A sete meses do pleito, o TSE (Tribunal Superior Eleitoral) está em fase final da elaboração de novas regras para as eleições de 2026. Neste ano, a disputa será para presidente, governadores, senadores e deputados federais, estaduais e distritais. O primeiro turno ocorre em 4 de outubro.
Neste momento, as atenções se voltam para as medidas que serão adotadas para proteger as eleições dos riscos impostos pelo avanço tecnológico, sobretudo da inteligência artificial.
Segundo o professor e especialista em direito eleitoral, Vitor Barretta, a atuação do TSE está na proteção da integridade do processo eleitoral, sem suprimir o debate político legítimo.
Para ele, é perigoso consolidar um modelo centrado na responsabilização de empresas pela remoção de conteúdos — medida que está entre as propostas —, o que pode criar um forte incentivo ao bloqueio preventivo e excessivo.

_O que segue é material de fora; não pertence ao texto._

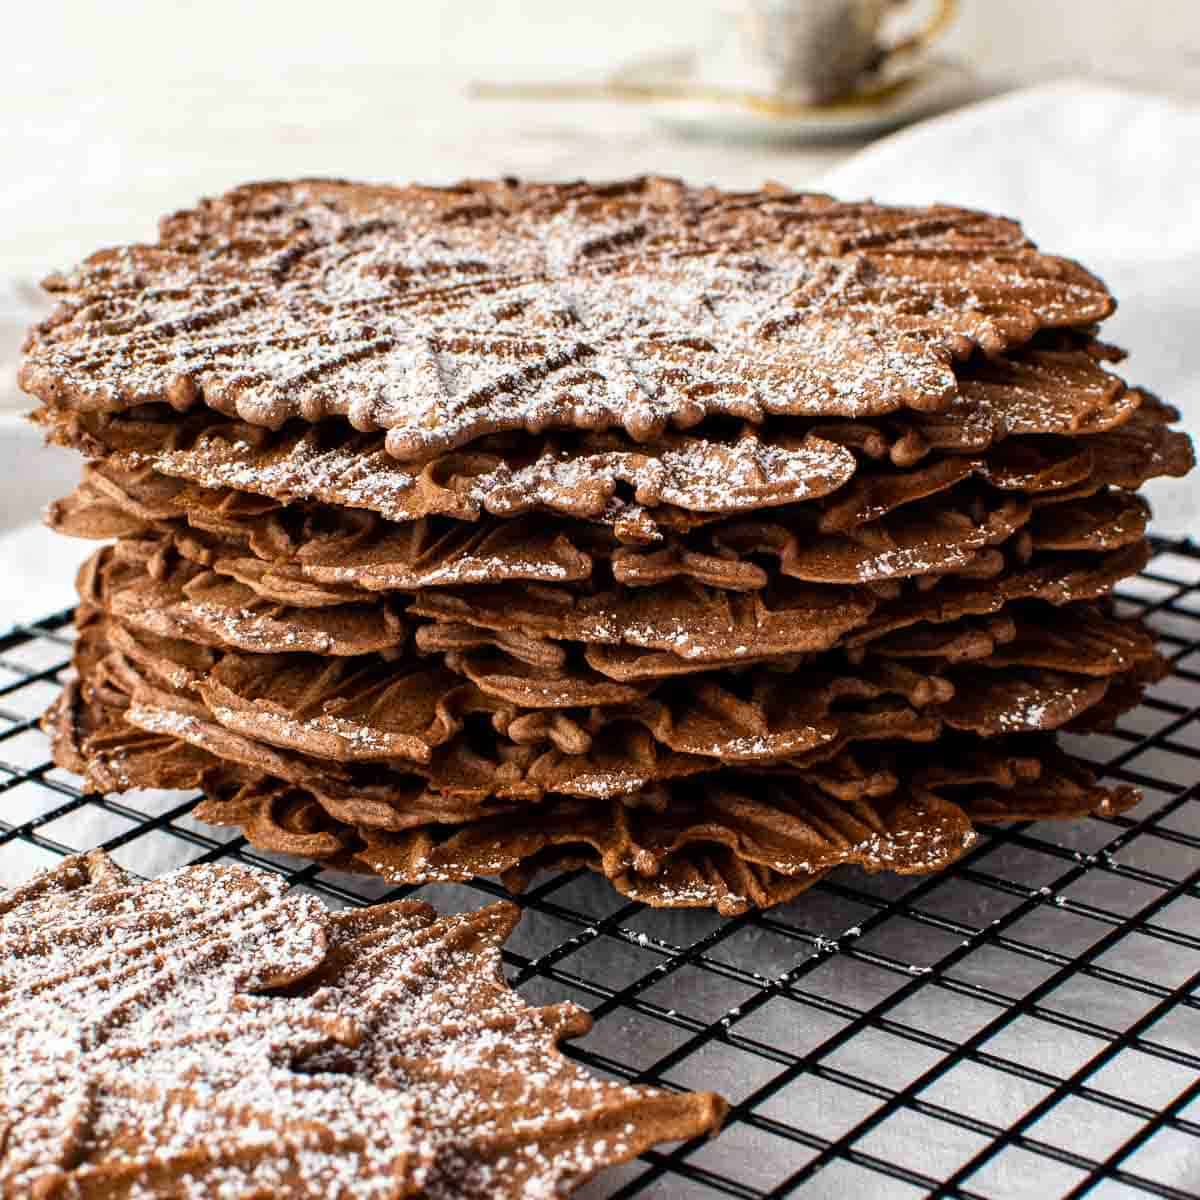 stack of chocolate wafer cookies on black wire rack.
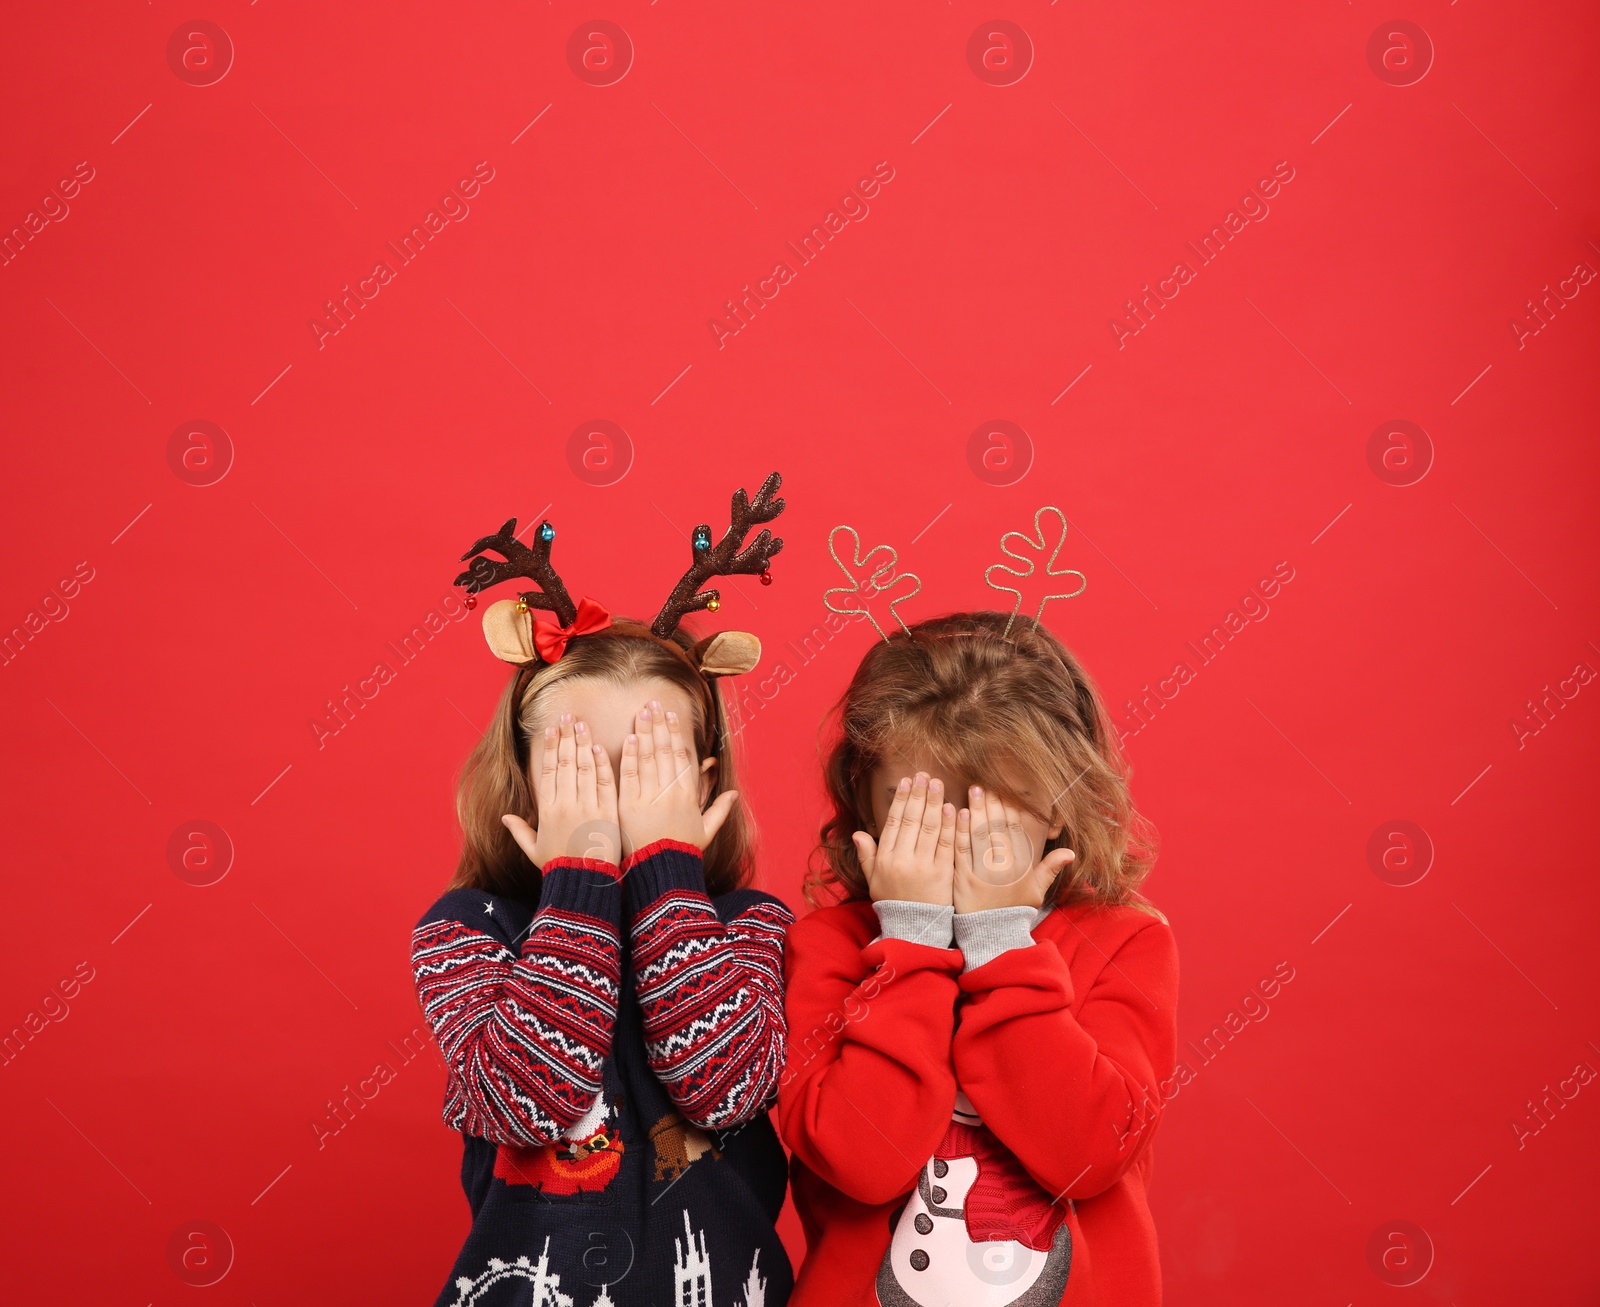 Photo of Kids in Christmas sweaters and festive headbands hiding faces on red background

“Esse movimento pode deslocar para empresas privadas a função de interpretar limites do discurso político, com impactos relevantes sobre a liberdade de expressão e o equilíbrio do debate eleitoral”, ressalta.
Barretta explica que o ideal seria avaliar alternativas regulatórias mais precisas e proporcionais, que combinem transparência, cooperação institucional, resposta judicial célere e instrumentos preventivos. Tal modelo resultaria em maior efetividade no combate a ataques ao processo eleitoral.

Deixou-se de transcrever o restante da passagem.